Playing off themes from the Affordable Care Act, the merging parties argued that the deal would increase efficiencies and therefor competition “by creating a team of employed physicians with access to Epic, the electronic medical records systems used by St. Luke’s.” And the merging parties had argued before the district court that the deal would better enable them to comply with obligations imposed on them under the Affordable Care Act by helping move to a value-based rather than volume-based pricing system. Neither the Ninth Circuit nor the district court found the purported efficiencies to be meaningful or merger-specific. The Ninth Circuit agreed with the lower court that no evidence supported that argument that St. Luke’s needed a core group of employed PCPs beyond the number it had pre-merger to successfully transition to integrated care and that a “committed team” can be assembled without employing physicians. The court of appeals also rejected the argument that shared electronic medical records – or EMRs – were a merger-specific efficiency because data analytics tools are available to independent physicians.
Interestingly, the court seemed to accept that the merger would benefit patients in many ways, but according to the court, better healthcare service cannot offset the anticompetitive effects that will result from the likely price increase that insurers will have to bear. The Ninth Circuit commented that “[a]t most, the district court concluded that St. Luke’s might provide better service to patients after the merger. That is a laudable goal, but the Clayton Act does not excuse mergers that lessen competition or create monopolies simply because the merged entity can improve its operations.” Accordingly, the Ninth Circuit affirmed the district court’s decision that St. Luke’s must divest the Saltzer practice.

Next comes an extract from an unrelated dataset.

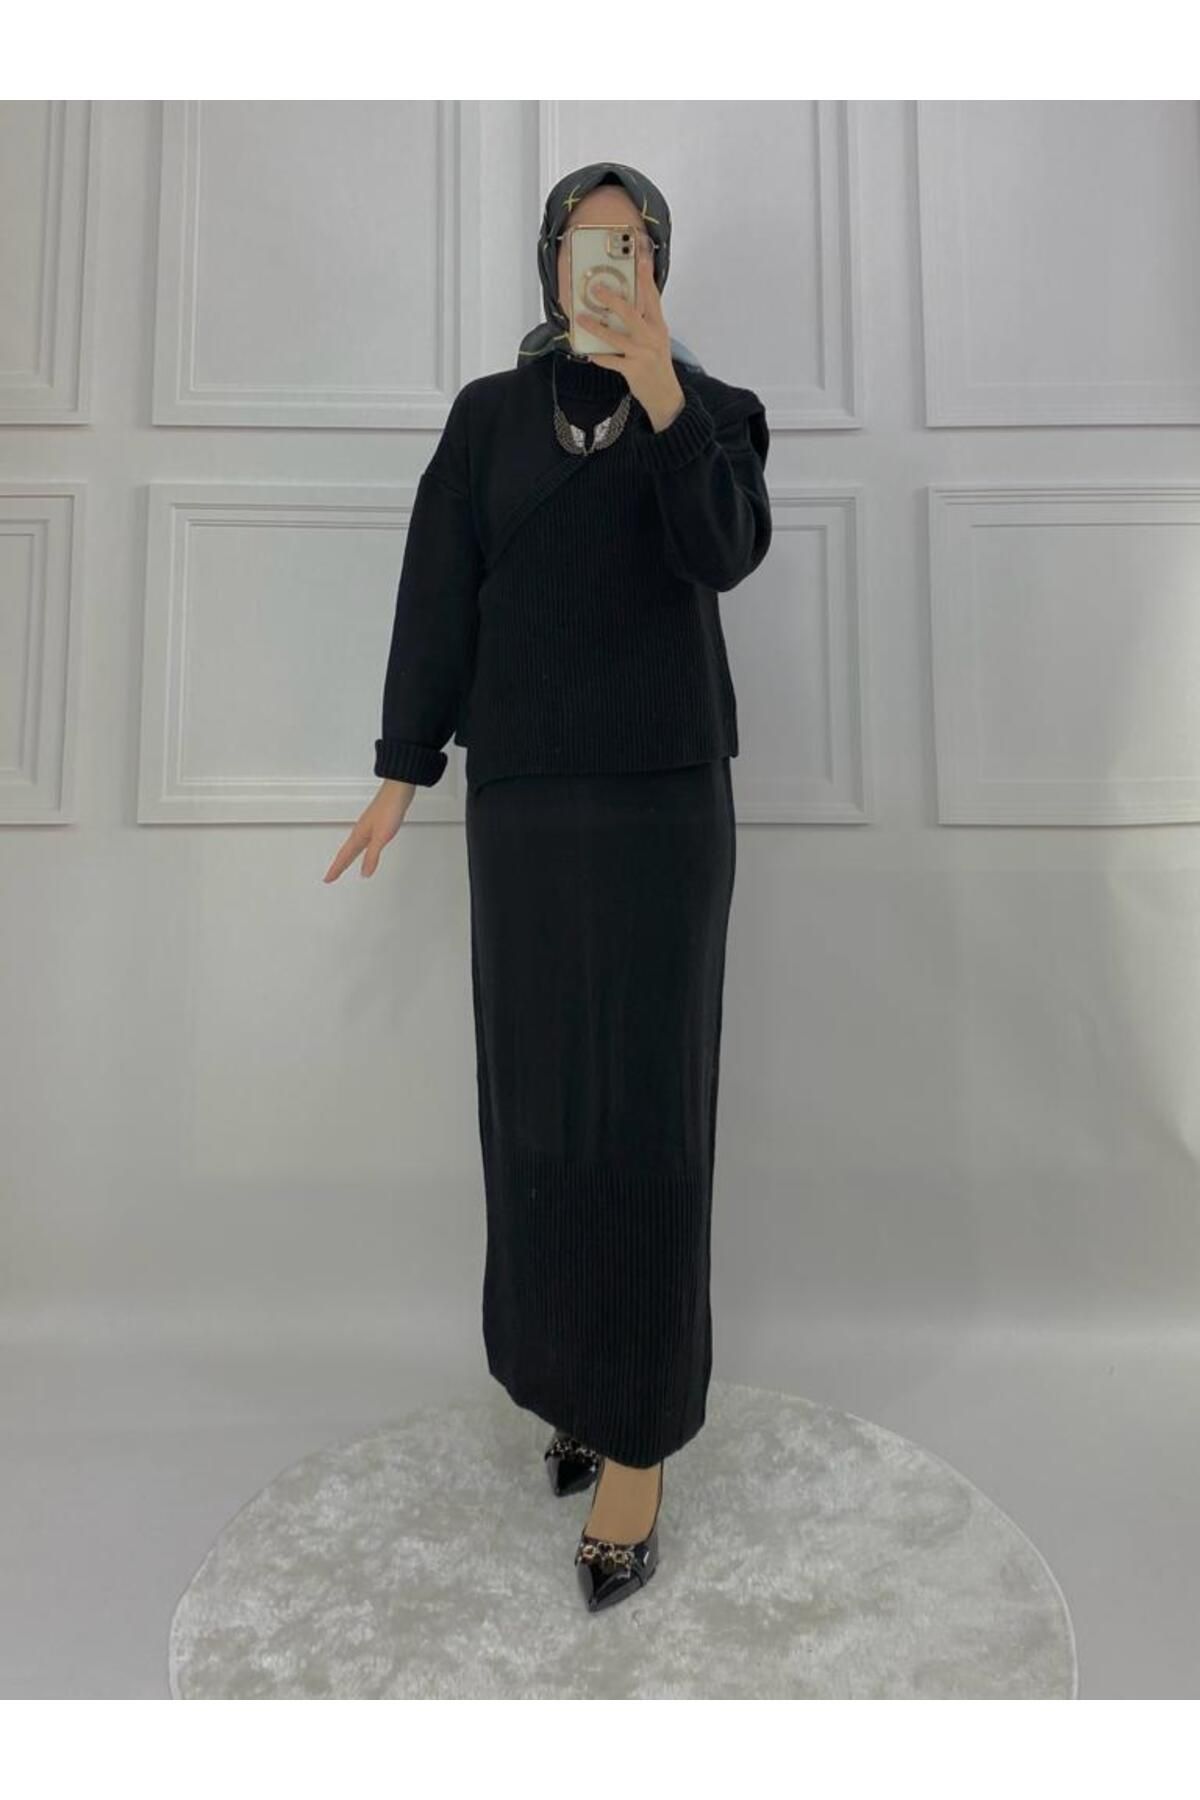 PIRLANTA GİYİM Kadın Siyah Triko Süveterli Elbise - 298
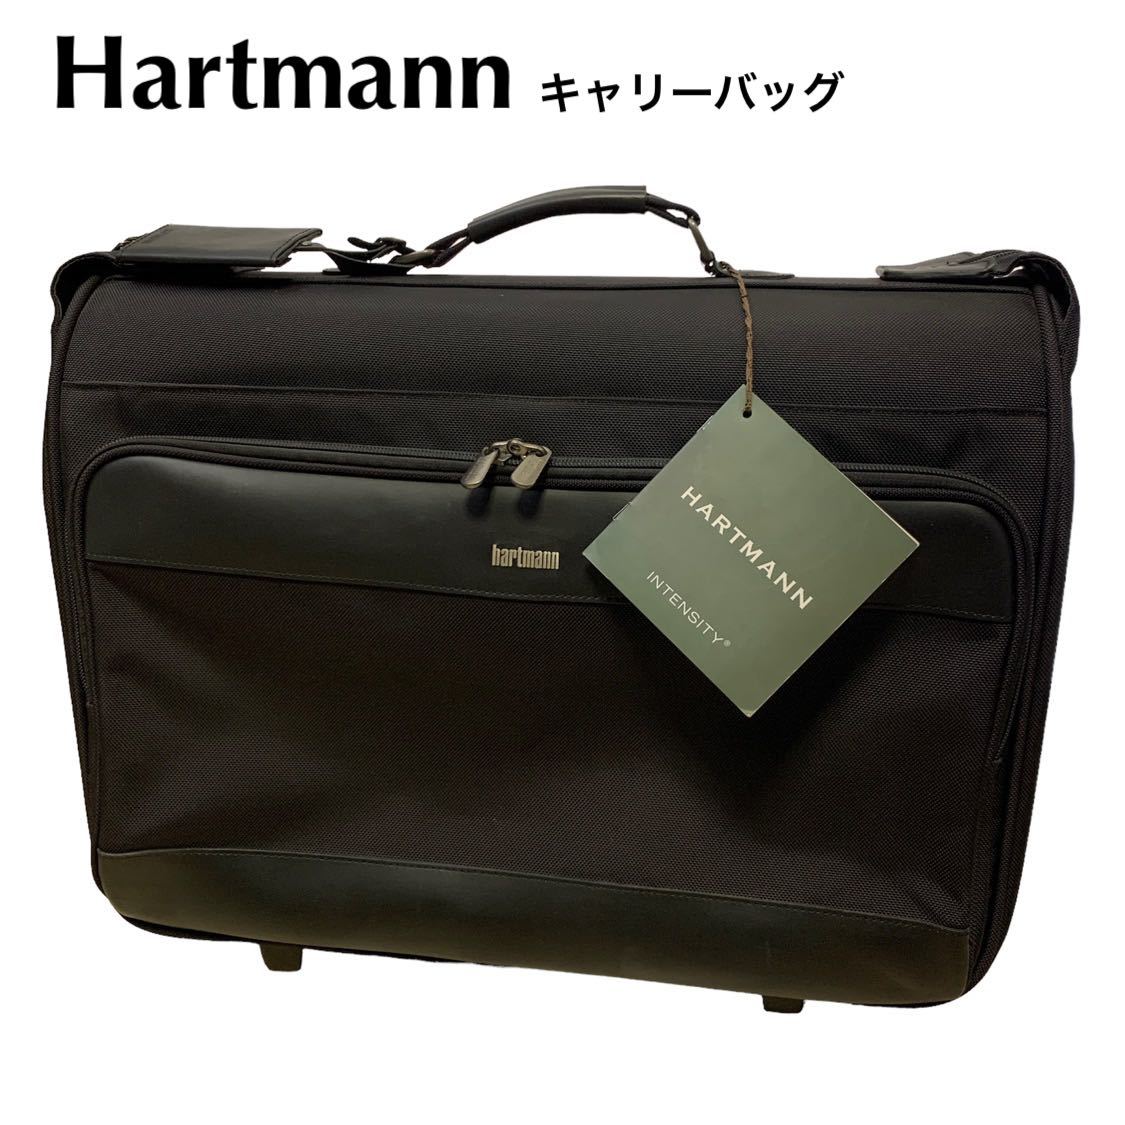 良品 ハートマン Hartmann キャリーバッグ 旅行鞄 キャリーケース

The decisions by both the district court and the Ninth Circuit are significant. First, they show and tend to support the FTC’s position that general recitation of purported efficiencies endorsed in the Affordable Care Act will not carry much weight with the federal antitrust agencies or the courts in an antitrust matter. Second, the case demonstrates that the FTC will challenge smaller deals not reportable under the Hart-Scott-Rodino Act, even deals to acquire physician practices, if the transaction will likely have anticompetitive effects. And finally and somewhat relatedly, the fact that the FTC will focus its resources on small healthcare deals tends to illustrate the importance that the agency places on robust competition in healthcare markets.